1) To make TVH recognise the event genre, ICE just need to take the ETSI code that they already provide with each event, lookup the exact description that TVH expects as genre text and send that text instead of the proprietary genre text descriptions that ICE uses.

EG:  ICE get 'Children' + '0x50' from their JSON feed.  They lookup '0x50' and find 'Children's / Youth programs'.  They set the TVH genre text to 'Children's / Youth programs' instead of 'Children'.

2) So that the end users (us lot) can get the extra value out of the proprietary genre text descriptions that ICE uses, ICE could append their proprietary text to the extended description for us to read.

DeltaMikeCharlie

Quote from: DeltaMikeCharlie on July 15, 2023, 09:30:55 AM"Children's / Youth programs" would have become "Children\'s / Youth programs" and therefore ignored.  When I tried with a manual entry where the apostrophe was not escaped, the description worked.  It would appear that TVH can accepted escaped characters in the text fields, but not the genre fields.
This absolute was nonsense on my part.  The problem with with 'programme' vs 'program' not the escape character.  The escape character only appeared on my data dump screen, not in the actual data sent.

prl

Quote from: DeltaMikeCharlie on July 15, 2023, 11:59:36 AMAll that is needed is the ETSI code that ICE has associated with their proprietary genre text descriptions.

Unfortunately, that's not all that's needed. More than half of the IceTV genres have 0 as their ETSI code. The ETSI code 0 is "undefined content" (in fact the whole range 0x00 to 0x0f is "undefined content").
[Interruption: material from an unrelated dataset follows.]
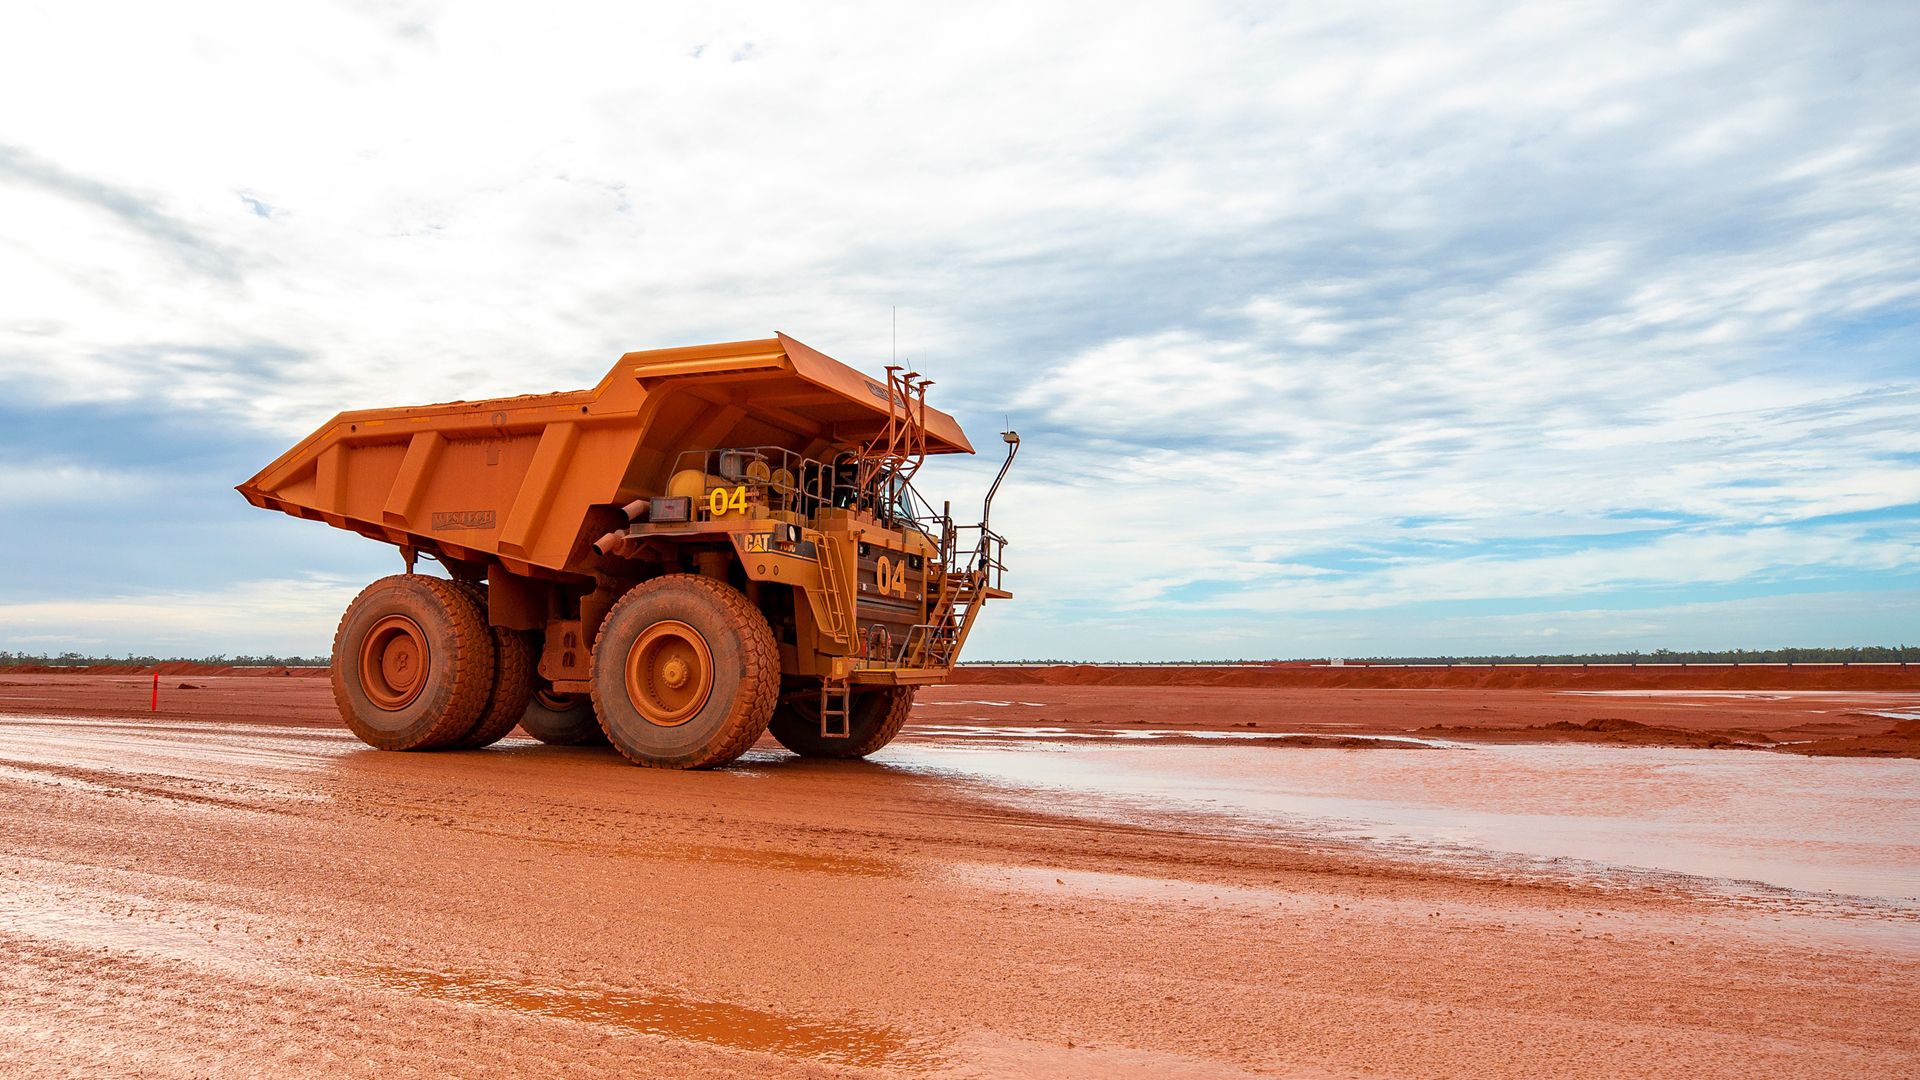 Spectacular side view photo of large mining truck. Red ground stretches all the way to the horizon.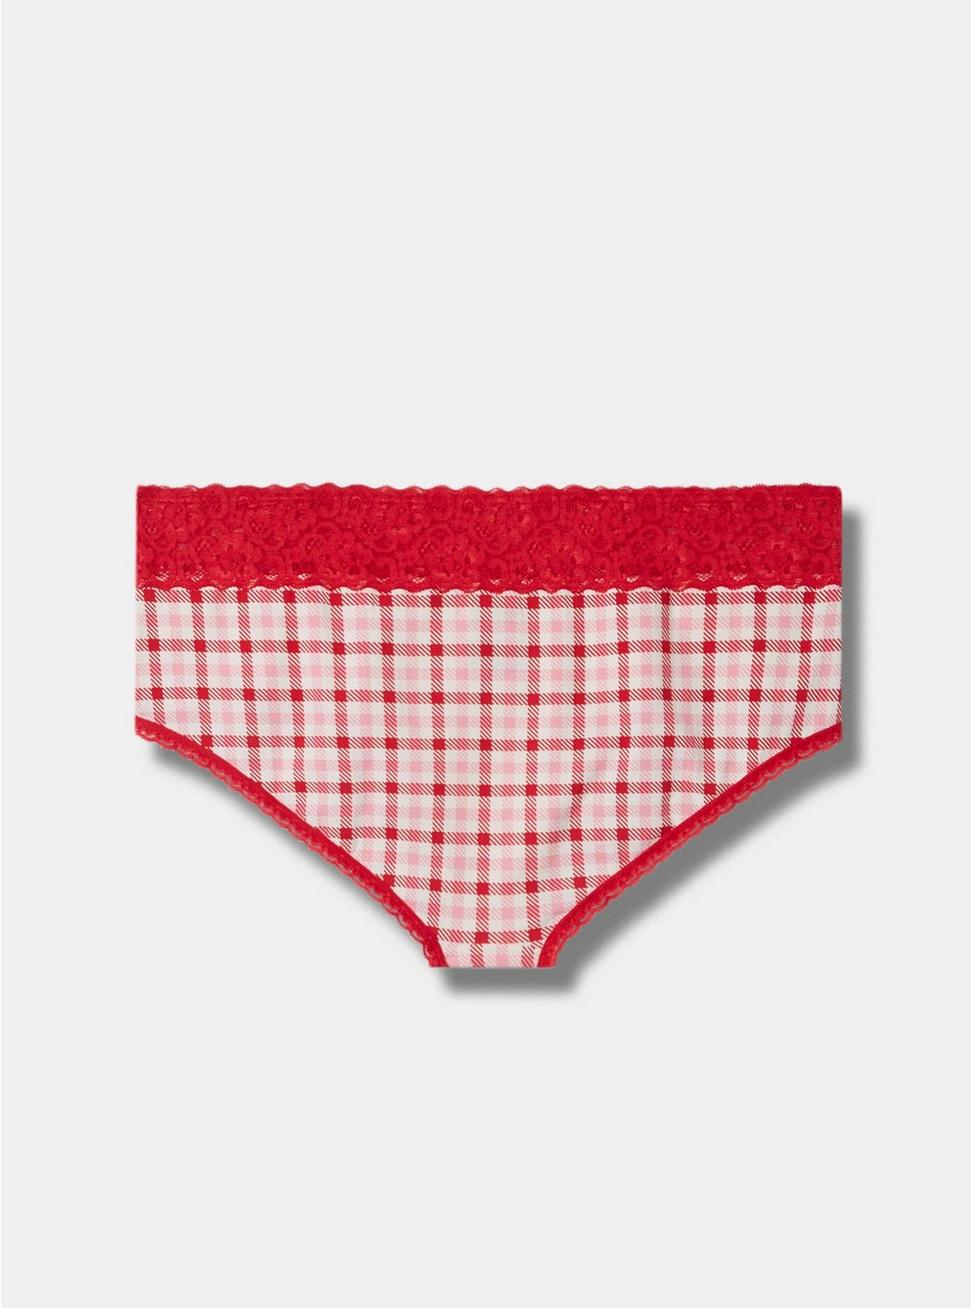 Cotton Mid-Rise Cheeky Lace Trim Panty, RASPBERRY GINGHAM, alternate

There are doubled-up non-zero codes, too. For example, "Business & Finance", "Parliament" and "Society & Culture" all have code 128. "Crime", "Murder", "Mystery" and "Thriller" are all code 17, and there are a lot more examples.

It can be done (because I've done it), but it may be more complicated than you expect.

Peter
Beyonwiz T4 in-use
Beyonwiz T2, T3, T4, U4 & V2 for testing

DeltaMikeCharlie

I'm sorry, I'm not quite sure that I see the problem:

ICE 'Business & Finance' + '0x80' = ETSI 'Social / Political issues / Economics'
ICE 'Parliament' + '0x80' = ETSI 'Social / Political issues / Economics'
ICE 'Society & Culture' + '0x80' = ETSI 'Social / Political issues / Economics'
ICE 'Crime' + '0x11' = ETSI 'Detective / Thriller'
ICE 'Murder' + '0x11' = ETSI 'Detective / Thriller'
ICE 'Mystery' + '0x11' = ETSI 'Detective / Thriller'
ICE 'Thriller' + '0x11' = ETSI 'Detective / Thriller'

All of these proprietary ICE descriptions seem to have been mapped to reasonable ETSI equivalents.  The mapping, however, will never be perfect.

As for the null (and other invalid) values, I only see that as a potential issue if there are no other genres for that event.  For the sample EPG entry that I provided earlier, both 'Real Life' and 'Mini Series' are invalid codes, however, 'Documentary' and 'Society & Culture' are still valid genres.  The only issue that I can see is that perhaps ICE could have added their version of ETSI 0xA1 'Tourism / Travel' if they have one.

Adding the text for the proprietary ICE descriptions to the end of the extended description would still allow the proprietary descriptions without ETSI equivalents to be useful.

I too have implemented a solution for my Topfield TAP.  I read through all of the genres that ICE provides.  Every text item is appended to the extended description and the first non-null value is fed into the firmware's EPG (it can only store 1 genre) via its ETSI code.

As long as we have TVH as the back end, and as long as that back end only recognises ETSI genres, then we need to provide ETSI genre data.  To the best of my knowledge, TVH can also receive/record ATSC broadcasts.  The ATSC genre codes are very different to the ETSI codes.  If TVH is updated in the future to accommodate ATSC genres, perhaps ICE could make use of that feature.

Consideration also needs to be given to the front end, Kodi.  Unless it can somehow make use of custom genres, then we are stuck once more.  From previous investigations into the Kodi language files, I only remember finding ETSI descriptions.

I look forward to ICE's solution once implemented.